Are you a wildflower or a carefully tended lawn?

I have to admit, I was a bit unsure when my partner suggested digging up our little grassy garden and chucking down a load of wildflower seeds instead, but look at it now!

It got me thinking about our work and how, so often, we can be conditioned to think we need to do the sensible, conventional thing – to be a neat and controlled lawn – when actually there is so much colour and variety available if we let our wild selves go.

Every day, I’m speaking to people who are stuck in lawn-mode, doing what’s expected of them and curbing their true nature. They are doing everything “right”, but feel like there’s something missing.

Does this sound familiar?

  • Do you notice yourself going through the motions to climb the corporate ladder, despite the fact that those higher rungs don’t look that appealing? 

  • Has it been a while since you feel your true self at work? Have you always felt like you were wearing a mask?

  • Do you feel disconnected from what really matters to you, what makes you feel energised and alive?

If so, you might need to go the way of my garden, and start sowing your career some wildflower seeds!

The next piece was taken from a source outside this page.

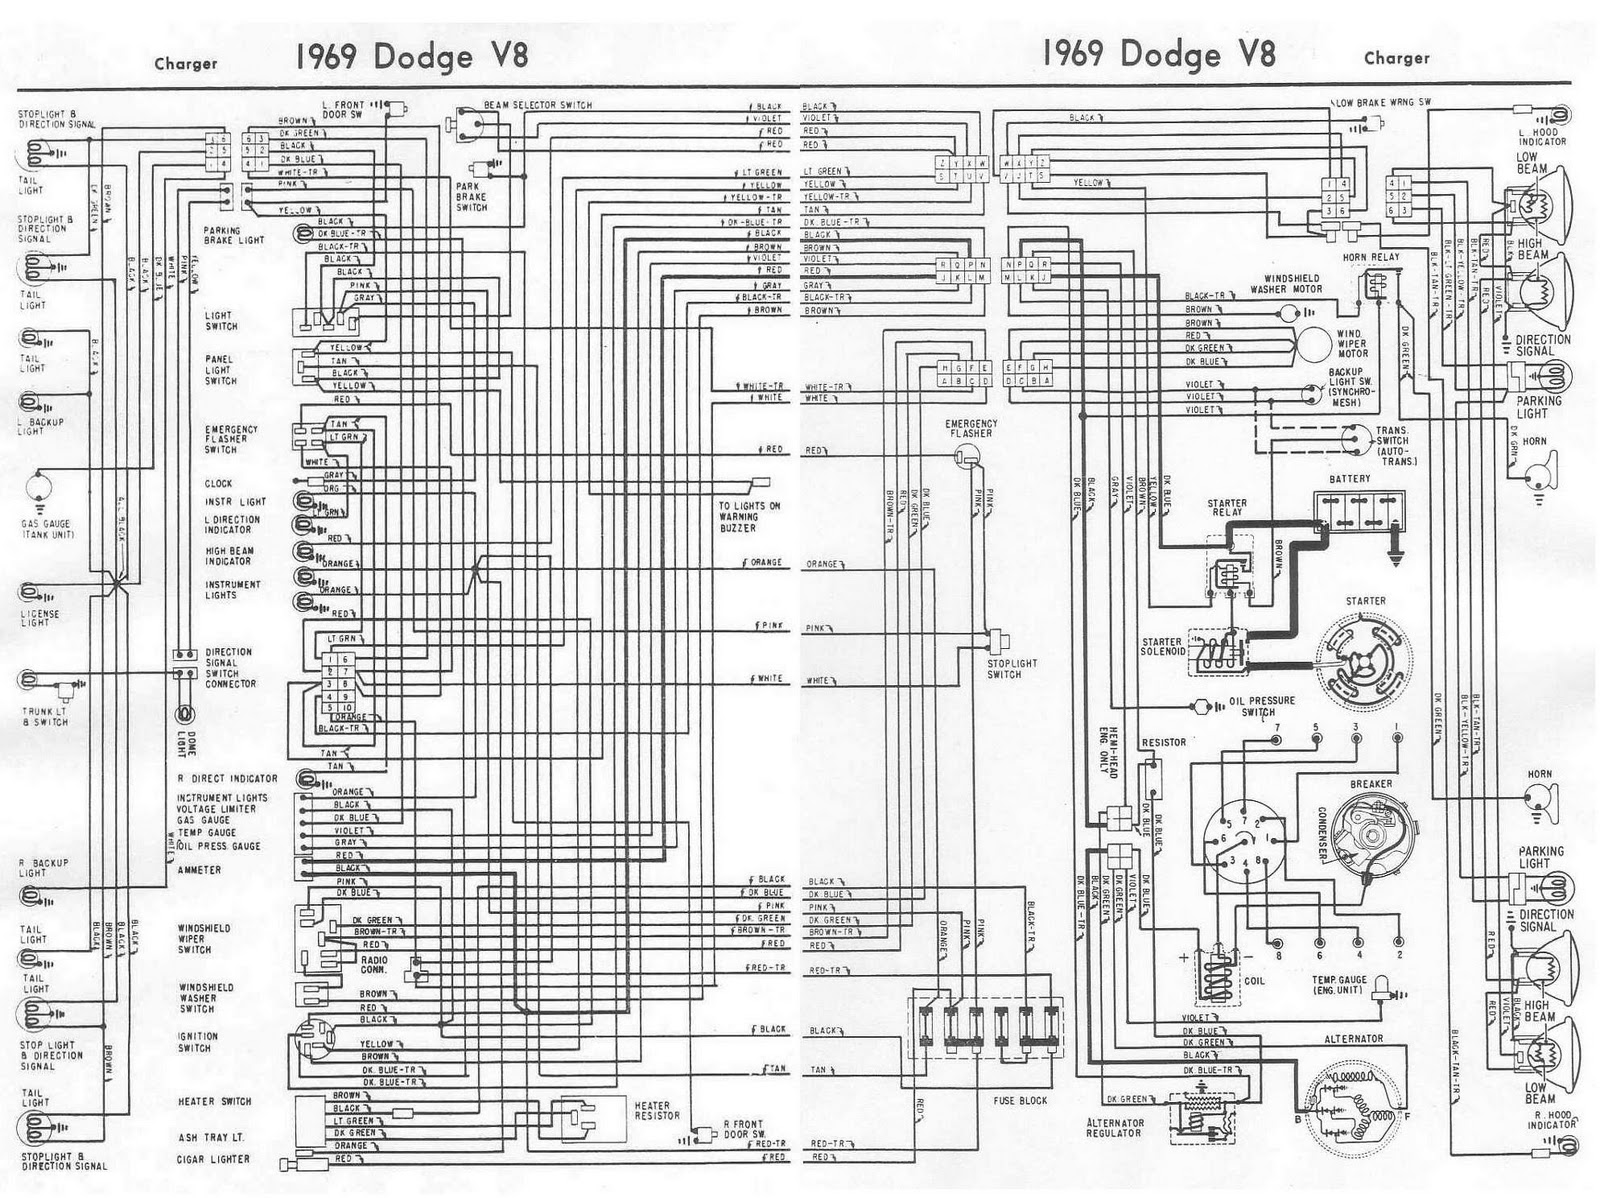 Diagram 2006 Dodge Wiring Diagram Full Version Hd Quality Wiring Diagram Ritualdiagrams Politopendays It

How this might look in practice…

  • Do one thing outside of work each week that is new and fun – not because you think it will directly lead to your new career, but because it will jolt you into a different headspace and allow your brain to start creating new connections.

  • Get curious and speak to a whole load of random people about their work – not because you definitely want to do their job, but to free up your mind to new possibilities.

  • Carve out time for what you enjoy – hobbies, activities, time with friends - and do it even if you don’t feel like it, because chances are, once you’re in action you’ll feel more motivated. 

  • Get wild at work – if you can, take the initiative to mix things up in your current job, rather than playing by “the rules”: ask to contribute to a project that’s not within your remit but more aligned with your interests, tell your manager the skills you enjoy using and see what you can do to build on them, see if you can work-shadow a different department or take a colleague from that department out to coffee, ask to go part time so you have more time to explore outside of work.

Sometimes, just having the intention to let out a bit of your authentic wild side at work – to stop playing “by the book” and being honest about who you are, what you care about, and what you want can lead to exciting new opportunities and connections.

Each one of us has the seeds of these wildflowers within us. Rather than weeding them out, I wonder what would happen if you watered them and allowed them to bloom in all their higgledy-piggledy, untamed beauty…

As Glennon Doyle says in her wonderful book Untamed:

“And now that we don’t have to be good, we can be free.”